═══ DATA EXCERPTS ═══
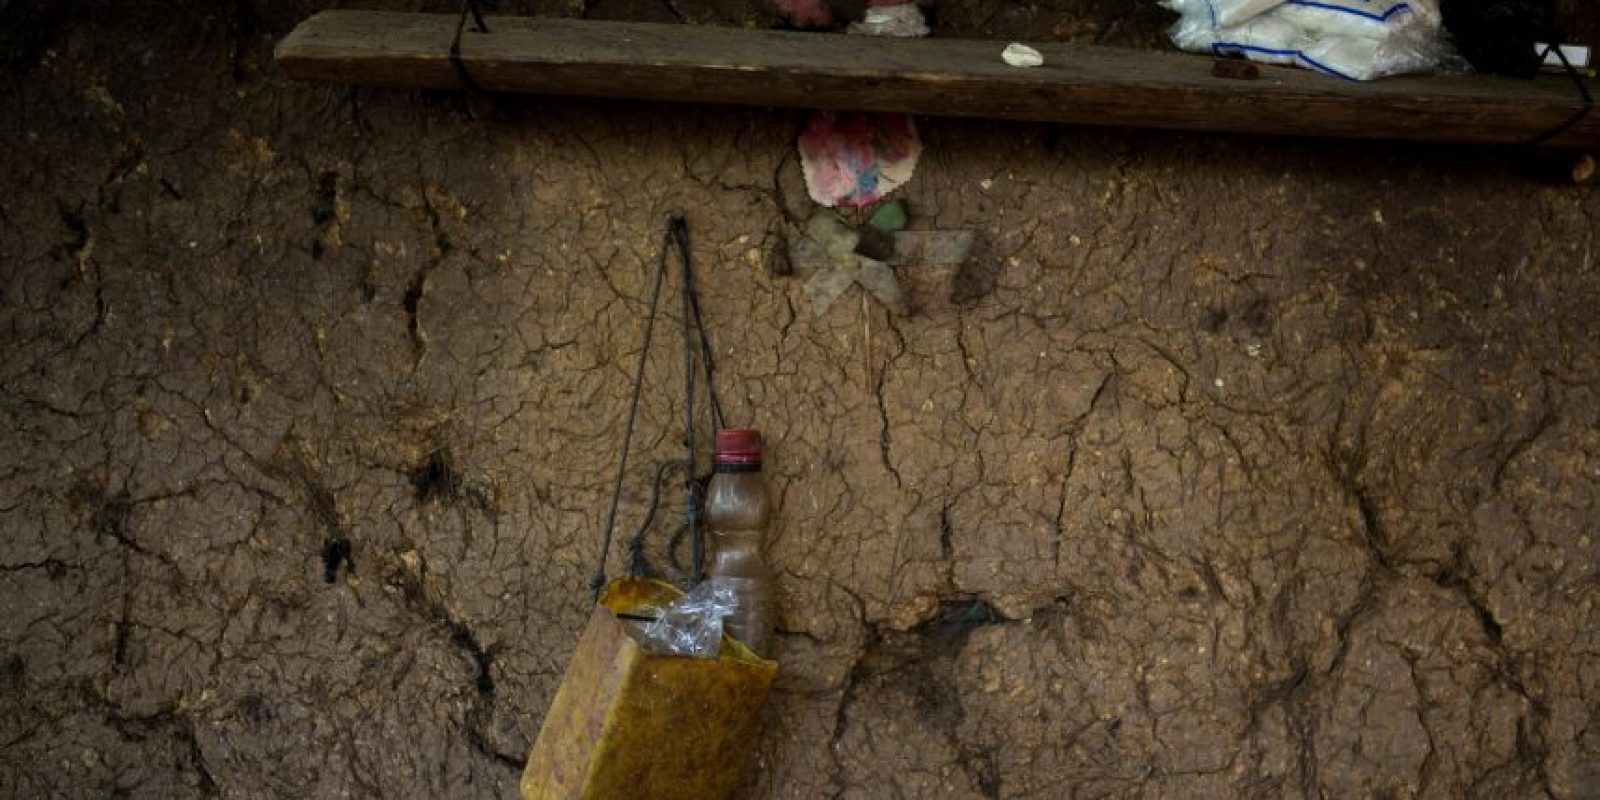 """En esta fotografía del 31 de mayo de 2016, se observan bolsas de sal en una repisa de la casa de Jovita Vásquez al inicio de la temporada de """"hambre estacional"""" en el pueblo de Las Flores, en el estado oriental Chiquimula en Guatemala. Históricamente afectados por la pobreza, miles de habitantes del este de Guatemala padecen una prolongada sequía que ha derivado en una crisis alimentaria. Foto:Moises Castillo/ AP"""
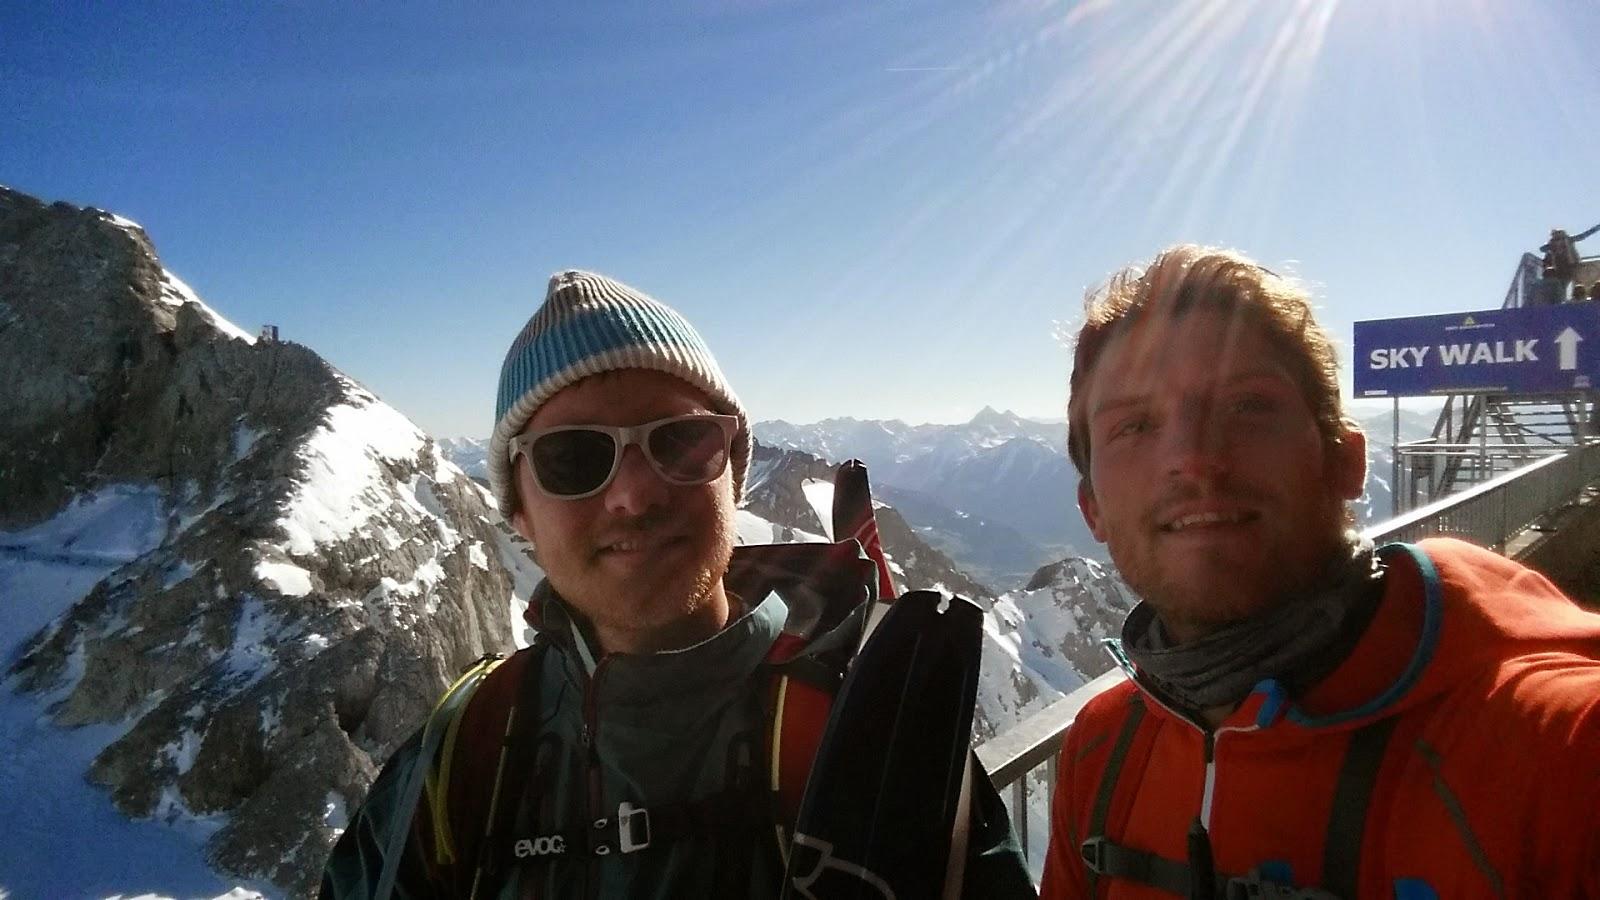 Denk Kletterausrüstung : Denk outdoor ihr spezialist für outdoorsport kanu . kajak
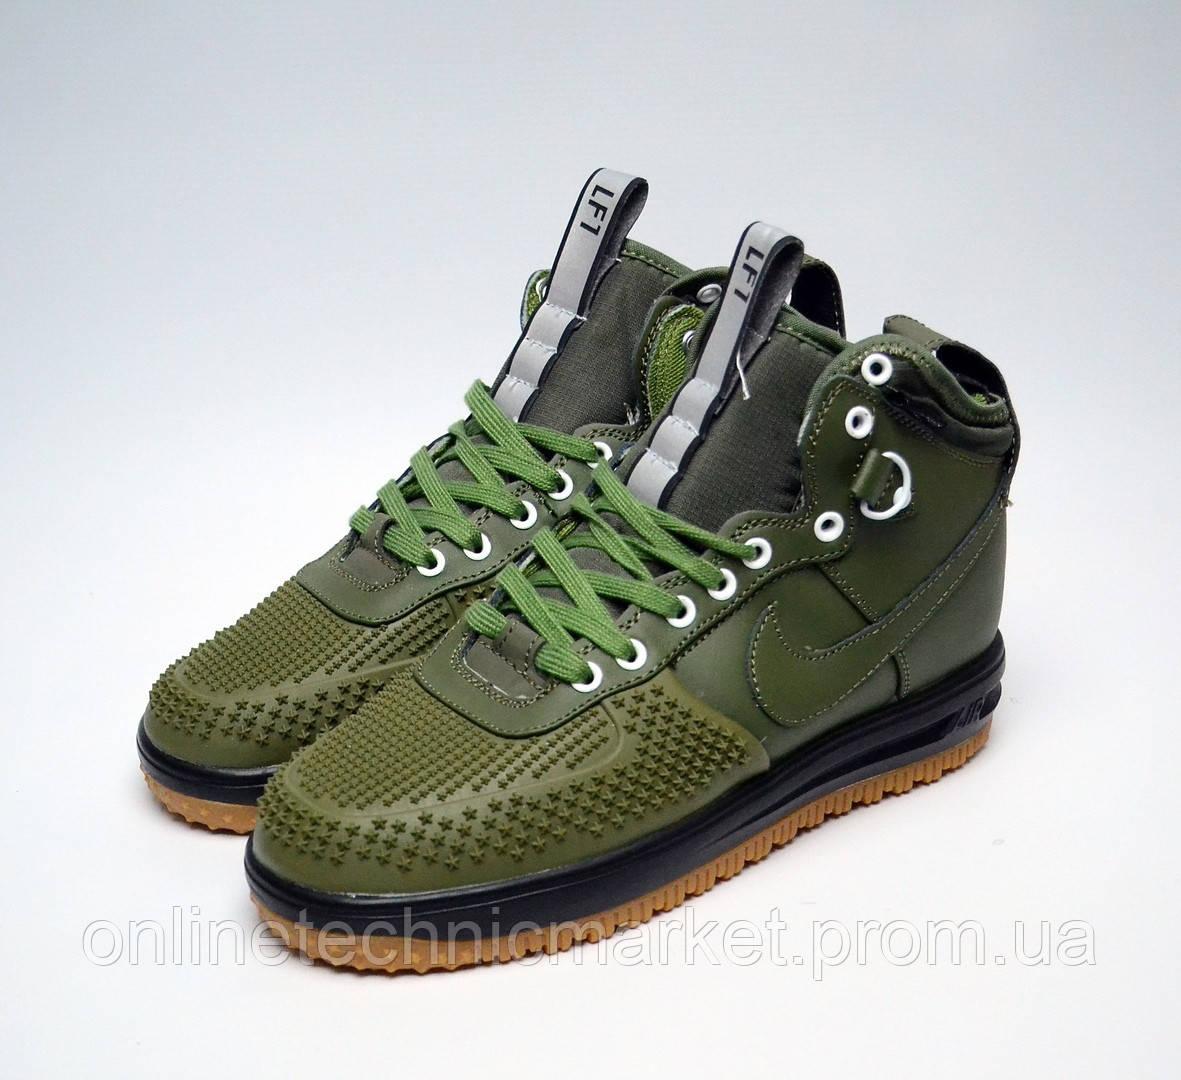 e1e37e92 Мужская Обувь Nike Air Lunar Force Duckboot KHAKI Кроссовки Повседневные  Водоотталкивающие Зимние - Интернет-магазин
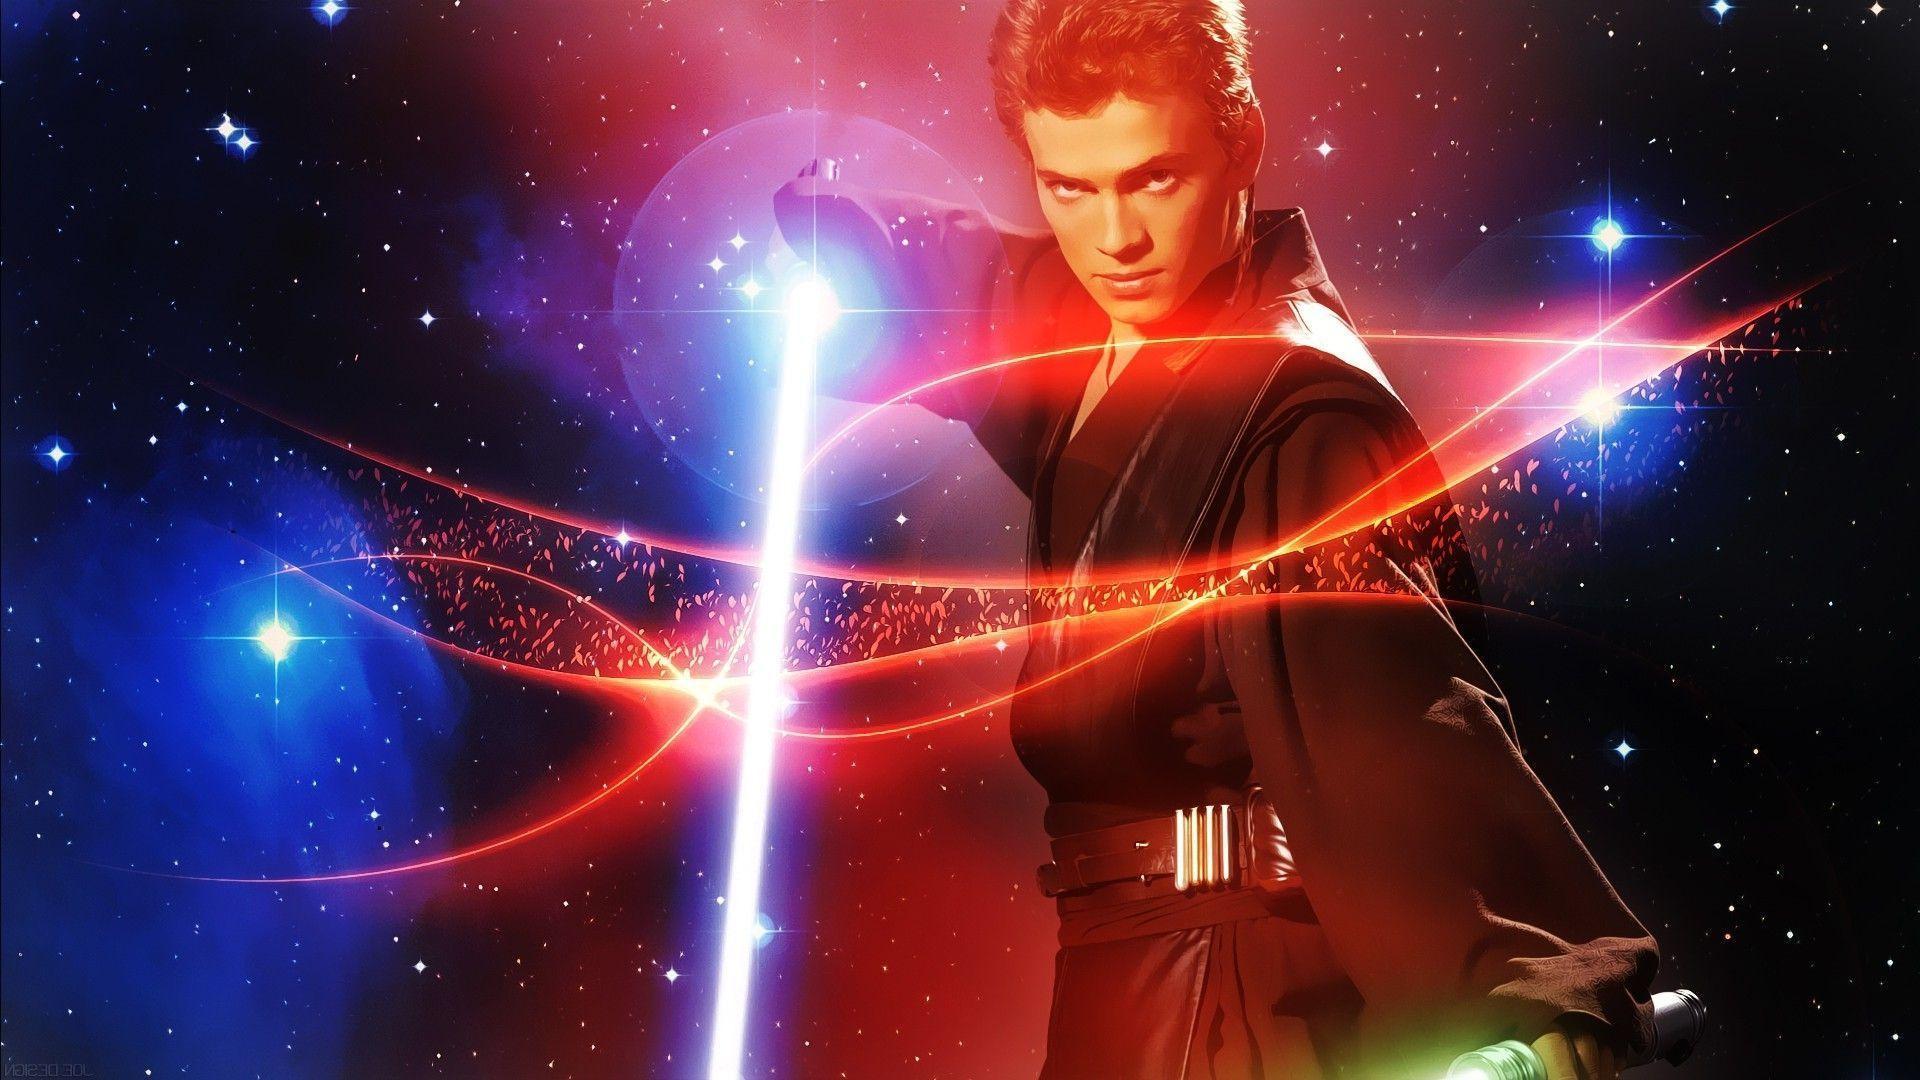 Movies Star Wars Anakin Skywalker Wallpapers HD Desktop And
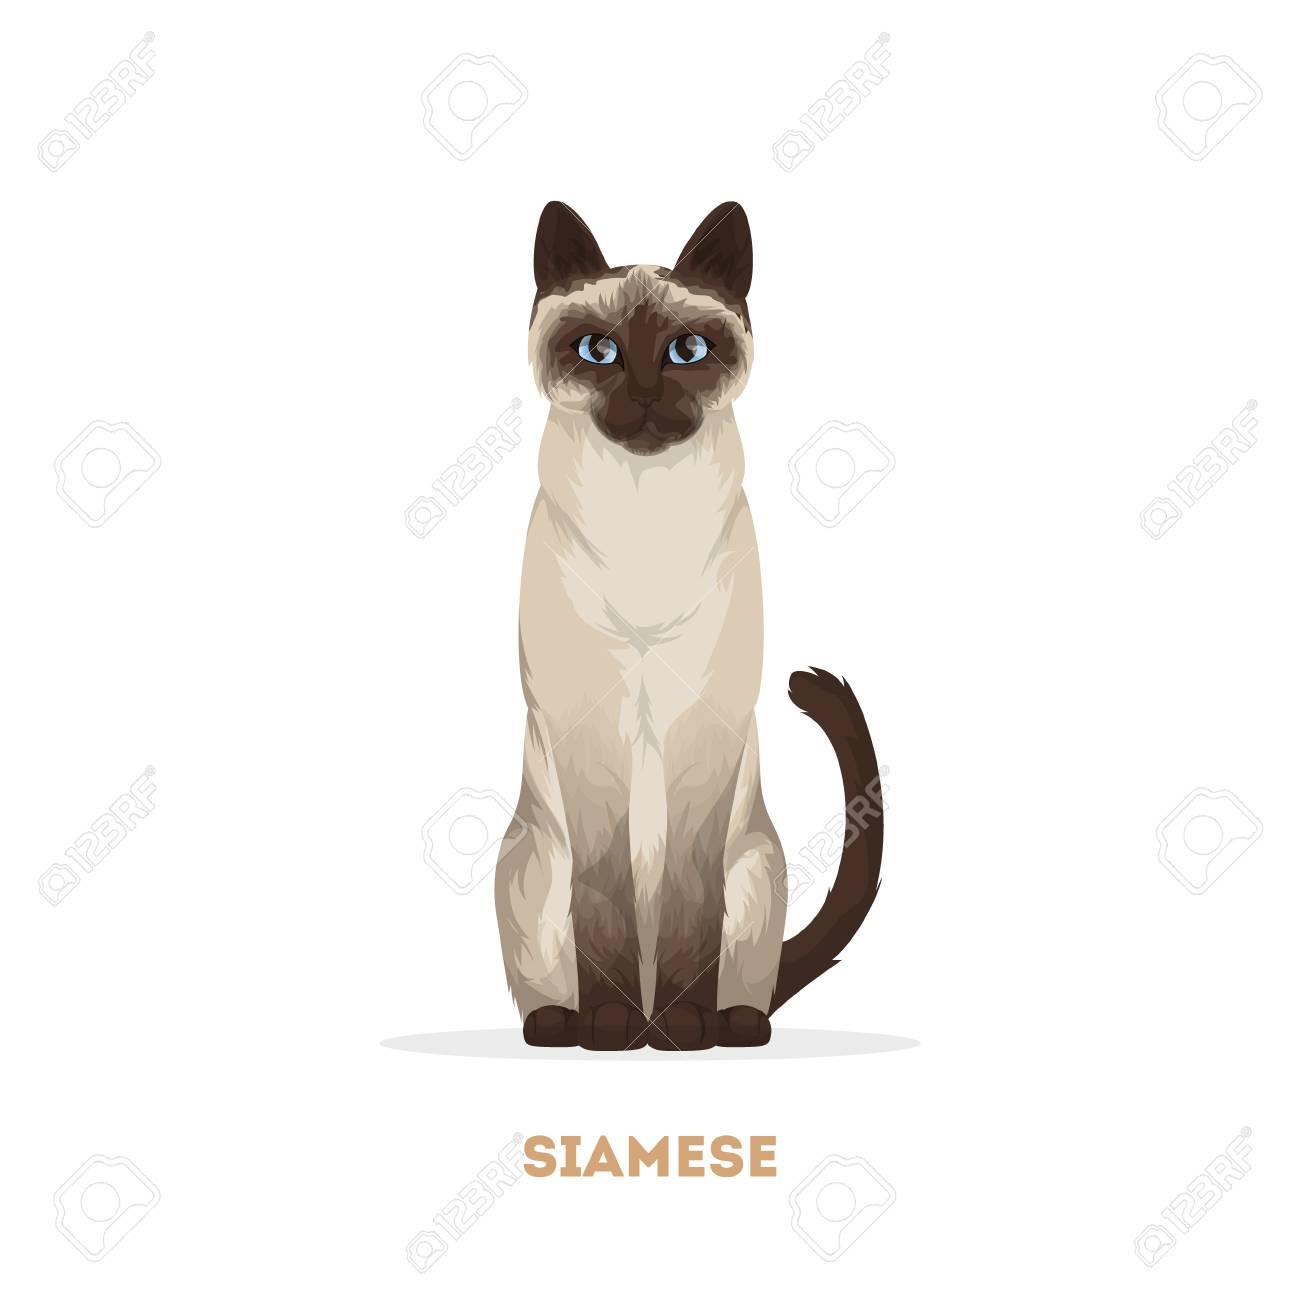 白い背景の上の分離のシャム猫のイラスト素材ベクタ Image 83876921
═══
AIM OF THE TASK: All that is needed is the span from the line with "Movies Star Wars" through the last line of the material above, reproduced exactly and free of pictures.

EXERCISE RESULT:
 Movies Star Wars Anakin Skywalker Wallpapers HD Desktop And
 白い背景の上の分離のシャム猫のイラスト素材ベクタ Image 83876921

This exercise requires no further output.